Exercise requirements: Please write out every line of the material, leaving out any picture.

Collected data:
'''
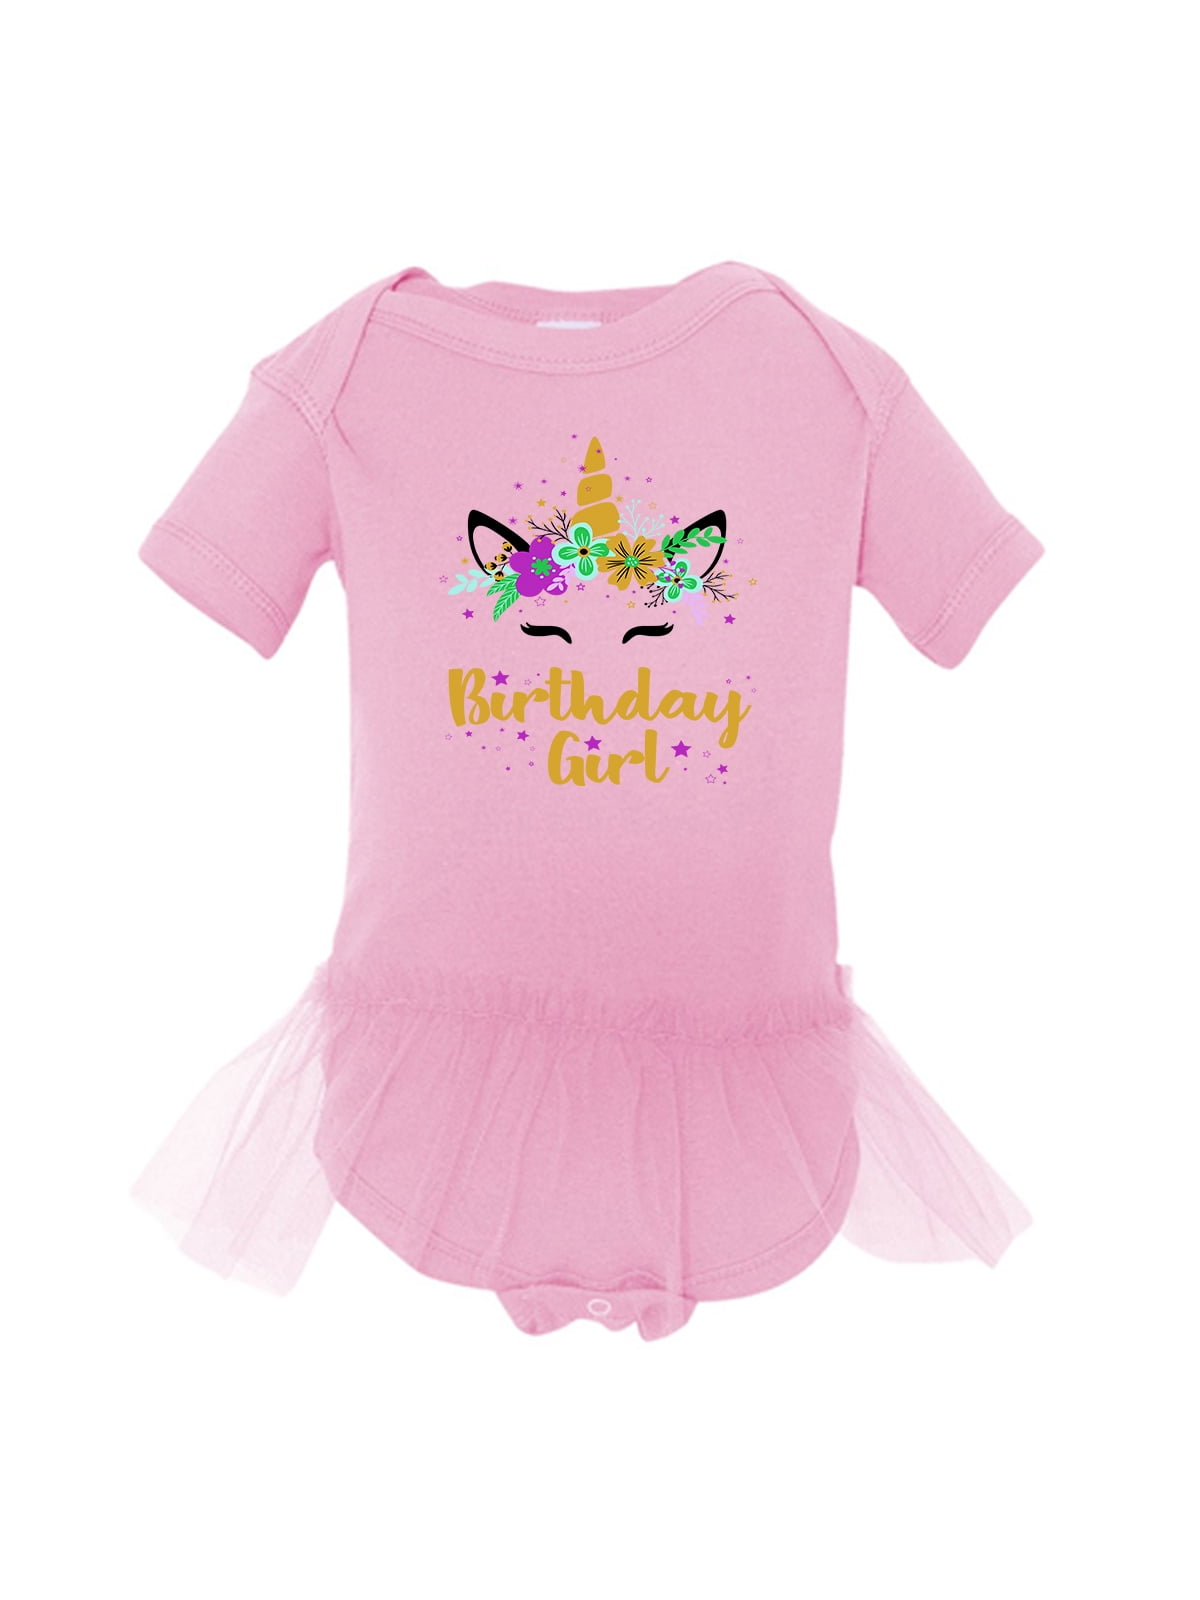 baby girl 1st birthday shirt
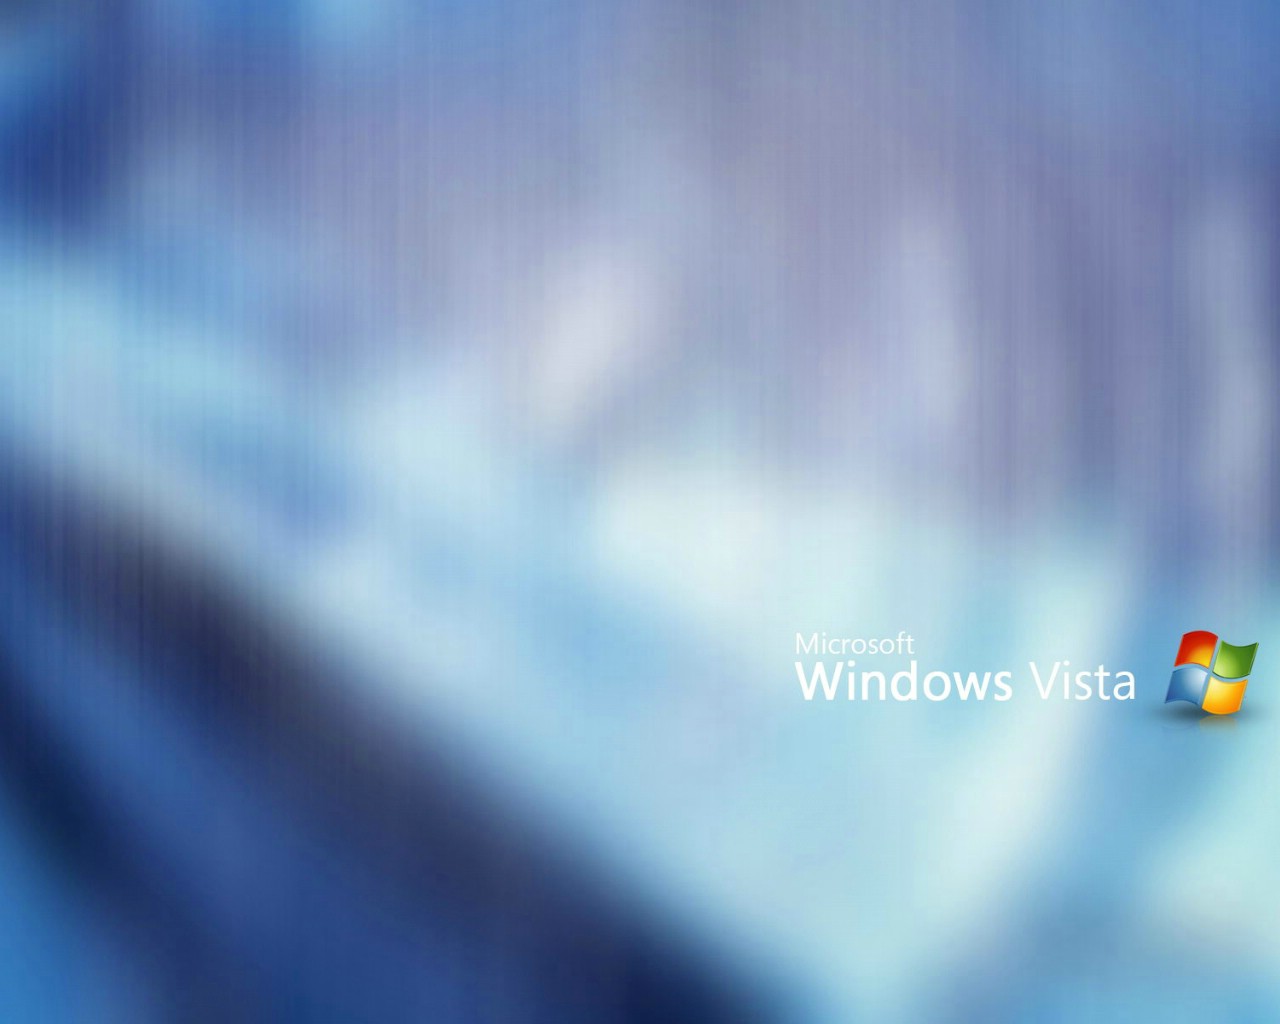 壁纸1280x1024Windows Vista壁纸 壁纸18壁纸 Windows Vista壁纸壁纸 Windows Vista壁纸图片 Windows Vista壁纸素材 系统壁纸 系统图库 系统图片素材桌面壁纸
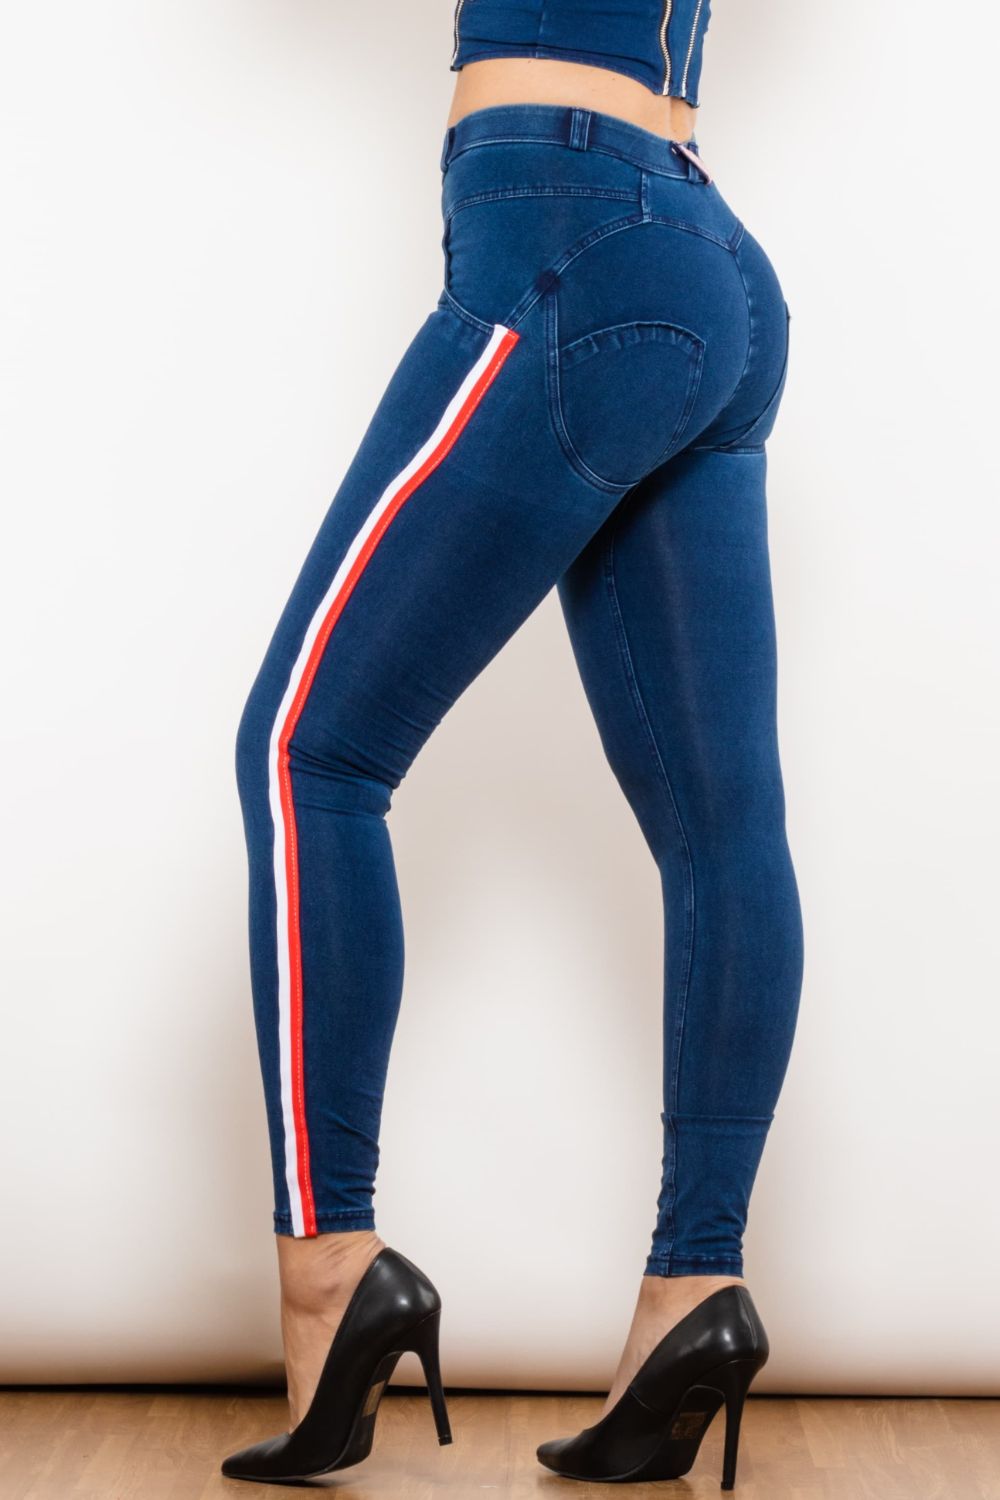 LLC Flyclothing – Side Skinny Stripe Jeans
'''
Response for this exercise:
 baby girl 1st birthday shirt
 壁纸1280x1024Windows Vista壁纸 壁纸18壁纸 Windows Vista壁纸壁纸 Windows Vista壁纸图片 Windows Vista壁纸素材 系统壁纸 系统图库 系统图片素材桌面壁纸
 LLC Flyclothing – Side Skinny Stripe Jeans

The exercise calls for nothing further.